Another point of contention between the WFP and Houthi authorities has been 51,000 tonnes of U.N. wheat -- inaccessible since September and at risk of rotting -- stored in Yemen’s main port of Hodeidah.
Both parties to Yemen’s four-year conflict have used access to aid and food as a political tool, exacerbating what the United Nations have called the world’s worst humanitarian crisis where cholera has already killed thousands.
Aid agencies operating in Yemen have told Reuters that food and medical supplies can be held at ports and frontline borders for up to six months due to bureaucracy from both warring sides.

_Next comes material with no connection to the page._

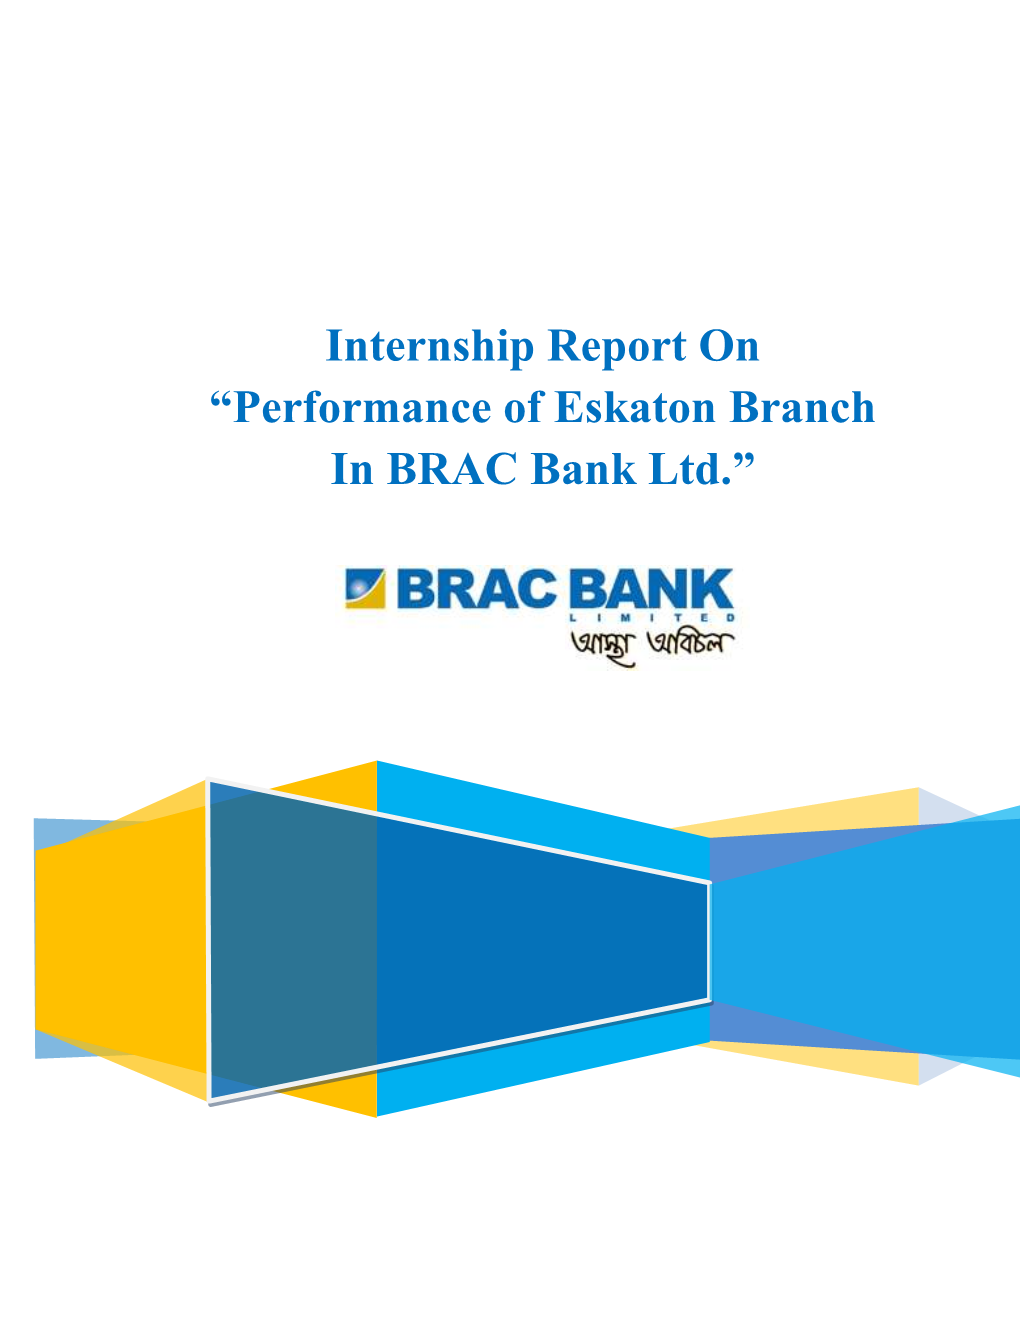 “Performance of Eskaton Branch in BRAC Bank Ltd.”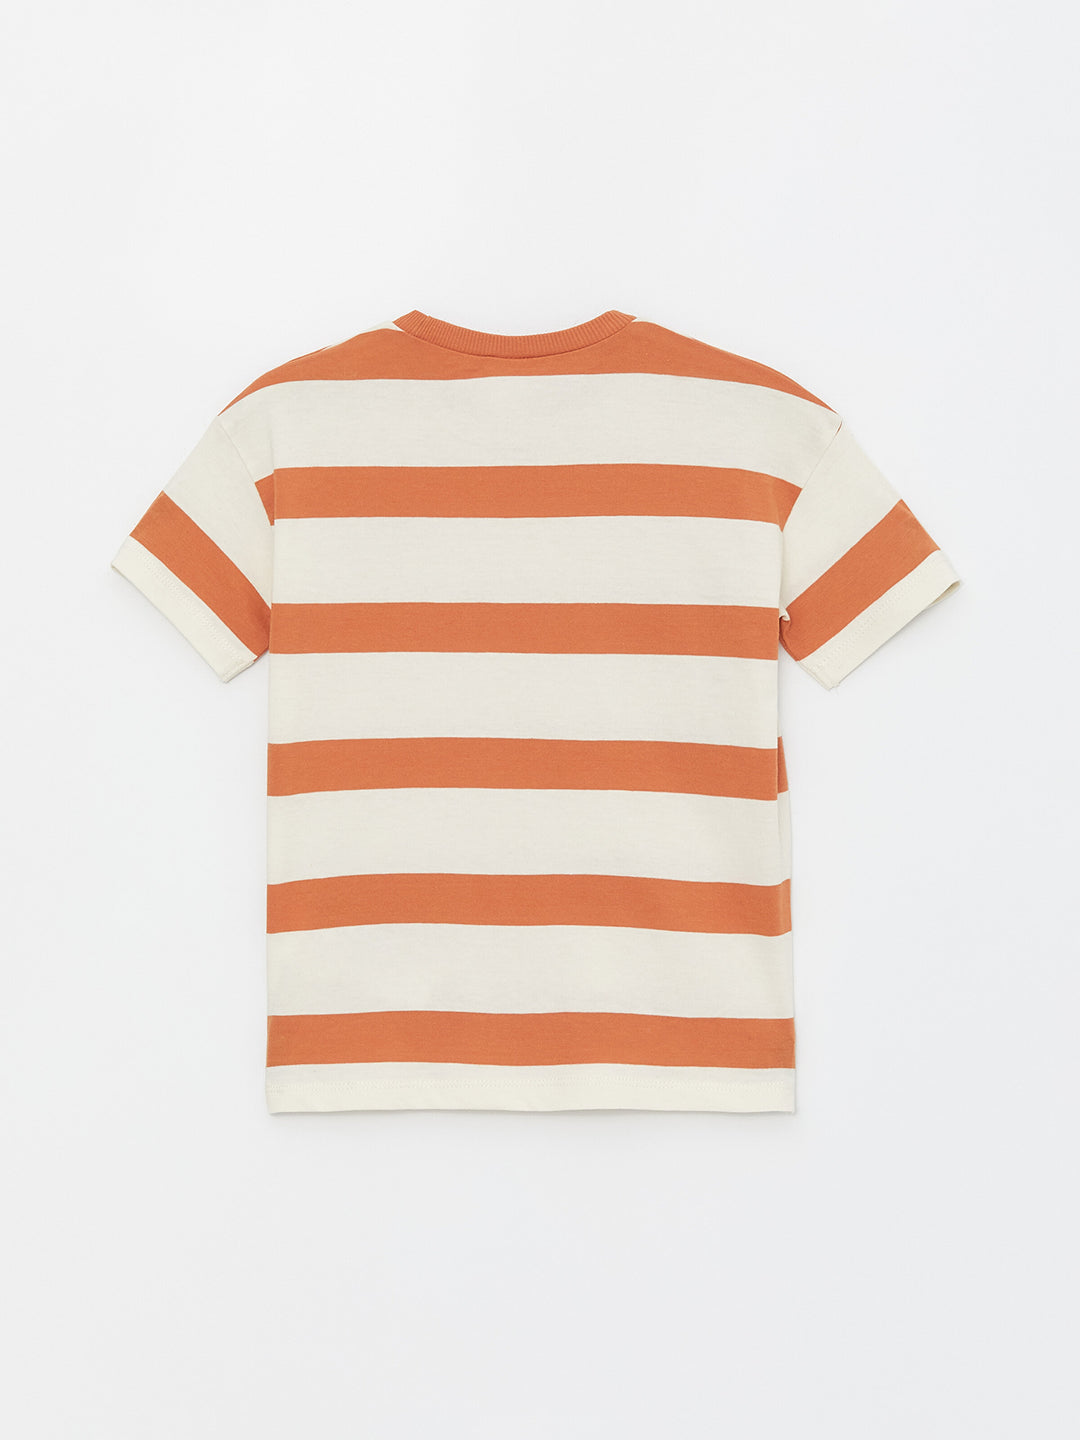 Crew Neck Short Sleeve Striped Baby Boy T-Shirt

Verhoosel said 8,200 tons of wheat was recently prevented from unloading at Hodeidah port by Yemeni food quality monitors, even though there was no indication of problems.
He also said that in April 160 trucks carrying food aid from the southern port of Aden to the Houthi-controlled north were detained at checkpoints between government and Houthi territory. They have since been released but another 21 WFP trucks have been detained in Houthi areas.
Other agencies say the problems, including harassment of staff, interference with distribution list, difficulties getting visas and restrictions on movement, have deepened in Houthi areas in recent months.
“We share the frustrations described by the WFP ... and we reiterate calls for authorities in Yemen to allow humanitarian agencies to do our jobs,” said Suze van Meegen of the Norwegian Refugee Council.